Duowei News
- Type: News website
- Industry: Media
- Founded: 11 January 1999
- Founder: Ho Pin
- Defunct: 26 April 2022
- Headquarters: Beijing, People's Republic of China
- Owner: Yu Pun-hoi
- Parent: Sino-I Technology Limited
- Website: www.dwnews.com (defunct)

= Duowei News =

Chinese language news website based in New York City

Duowei News (多維新聞 (多维新闻, Duōwéi xīnwén, multidimensional news)), originally named Chinese News Net, was a Chinese language news website established in 1999 based in New York City, United States. The website was also known in English as Multidimensional News, which is the literal translation of its Chinese name. It specialized in Chinese political news.

Duowei News was blocked in mainland China. In 2013, Jason Q. Ng of China Digital Times and Citizen Lab considered the outlet to be critical of mainland China and the PRC government's policies. According to Radio France Internationale in 2018, the site has been accused of having a pro-Beijing view point and promoting Chinese Communist Party propaganda. It was viewed as one of the independent Chinese language media outlets in the United States that later were taken over by pro-Beijing businessmen.

==History==
Duowei News, whose original domain name was chinesenewsnet.com, was founded by Ho Pin (何频) on 11 January 1999, who used to work for a Chinese state-run newspaper but left due to negative feelings towards the 1989 Tiananmen Square protests and massacre.

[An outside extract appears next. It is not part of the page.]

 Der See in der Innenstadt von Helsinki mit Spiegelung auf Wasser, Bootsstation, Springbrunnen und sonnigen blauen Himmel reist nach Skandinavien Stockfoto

On June 27, 2004, Duowei's new domain name, dwnews.com, was created. Duowei continued to be an online independent Chinese-language media website for years until 2009 when the website was sold to the Hong Kong media mogul Yu Pun-hoi who was considered to be pro-Beijing.

Ho Pin later published Mingjing News. Duowei had a news bureau in Beijing. According to a Hoover Institution report, after the 2009 sale, Duowei moved its headquarters to Beijing.

Duowei News correctly predicted the lineups of the 16th and 17th National Congress of the Chinese Communist Party in 2002 and 2007 respectively.

Duowei News closed on 26 April 2022.